Still, Qi does not expect to challenge the electronic transistor with his optical analogue, which consumes a lot more power and runs much more slowly. “We want to complement the Intel transistor,” he says. “We don’t want to replace it.” He hopes to find a foothold in niche markets, such as equipment for scrambling cable channels and military technologies that could benefit from light’s imperviousness to an electromagnetic attack.
Routers that guide information through the Internet could also be amenable to optical transistors and switches. At present, these stopping points in the network convert optical signals travelling through fiber-optic cables into electrical signals; these are then processed, converted back to light and sent on their way. A router in which one beam of light pushes another in the appropriate direction — with no conversions involved — could in principle be faster and consume less energy.

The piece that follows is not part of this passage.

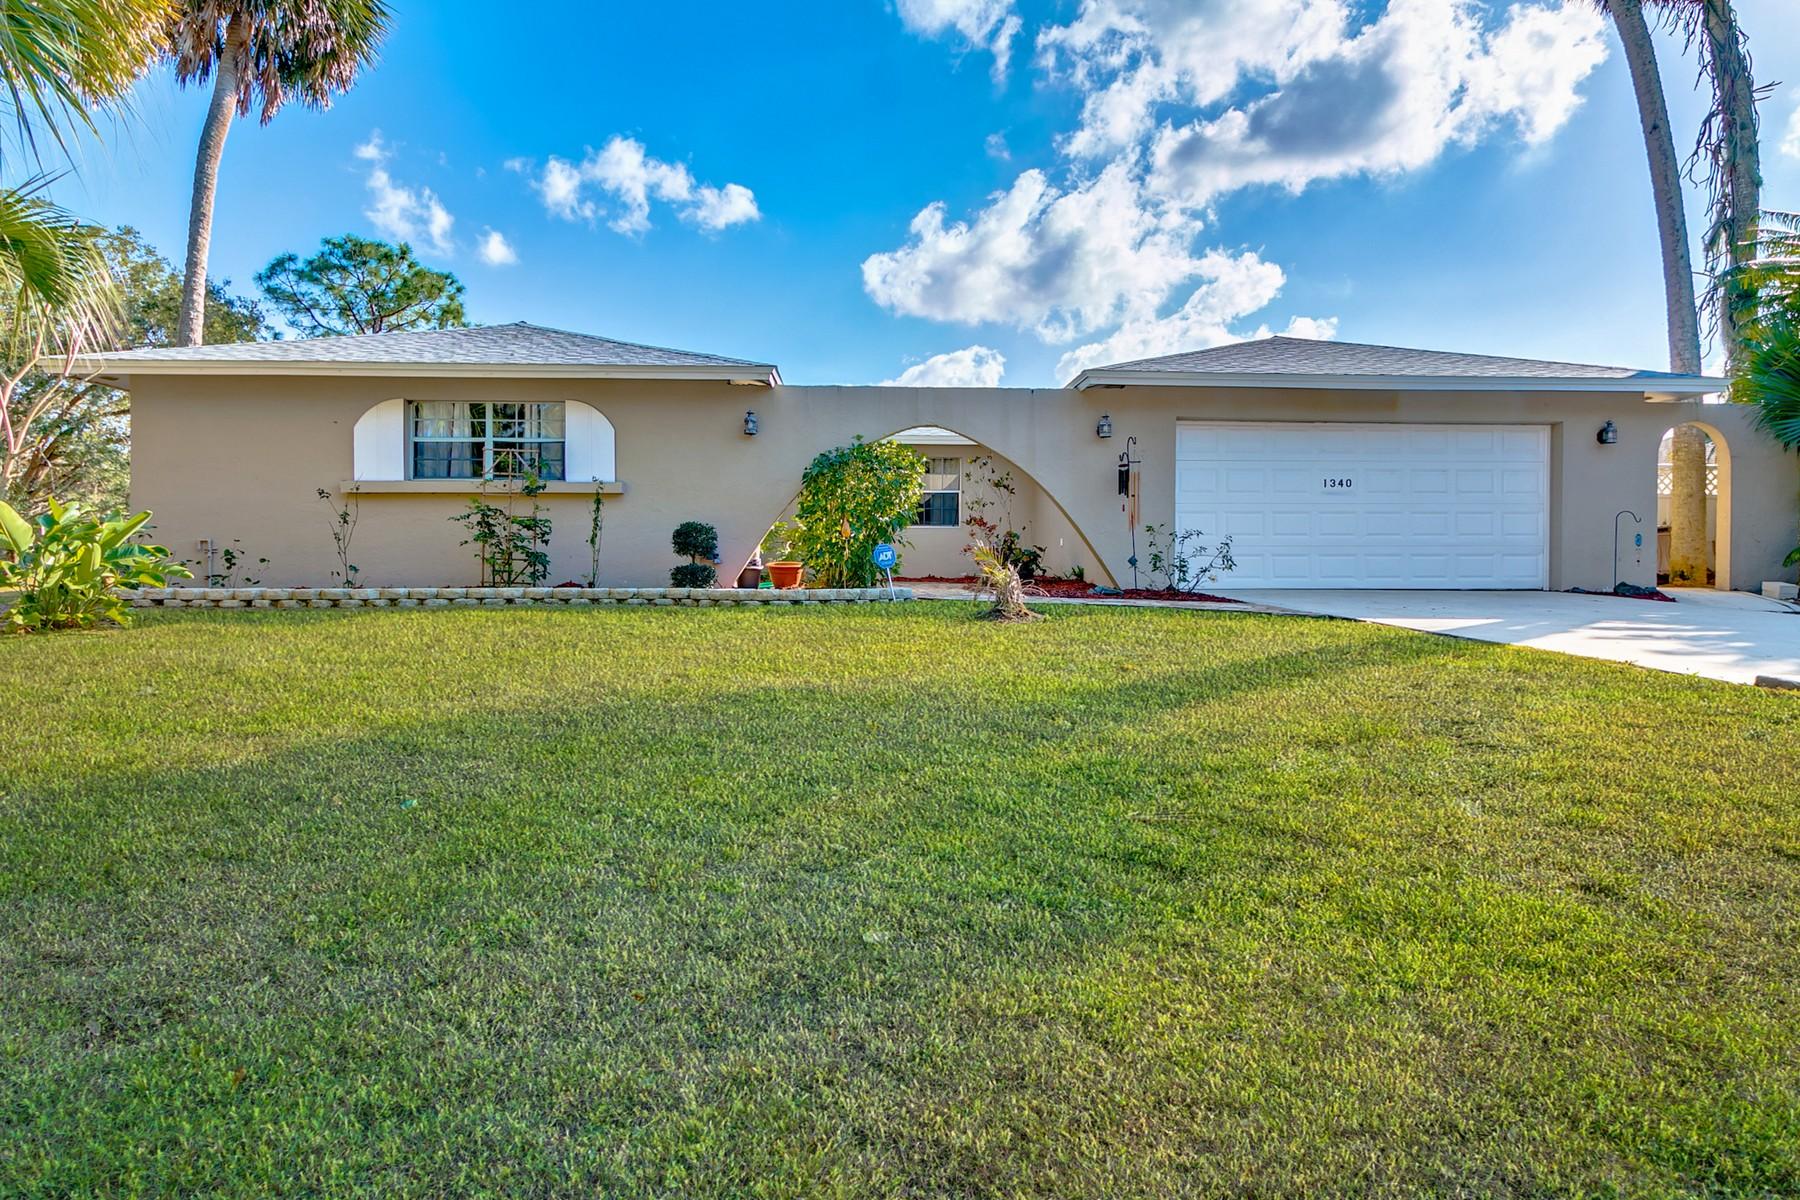 Casa para uma família para Venda às 1340 Meadowbrook Road Palm Bay, Florida, 32905 Estados Unidos

A popular candidate for such switches are quantum dots, small semiconductor crystals that behave like atoms. In one particularly sensitive quantum-dot switch, a beam of light is first guided along a material dotted with holes, called a photonic crystal. The light can pass through a quantum dot placed in its path without changing course. But if a pulse of light is sent in just ahead of that beam, it can induce an interaction between the dot and the crystal that scatters the beam and sends it on a different path.
Reported in May 2012 by Edo Waks of the Joint Quantum Institute at the University of Maryland in College Park and colleagues, it switches when struck by a pulse of 140 photons. In principle, that is a small enough amount of energy to rival conventional routers.
But the switch still faces a practical obstacle common to all of these emerging optical technologies. The lasers that supply the devices with light consume considerable energy, offsetting any savings. “Right now,” says Waks, “the overhead is what’s killing us.”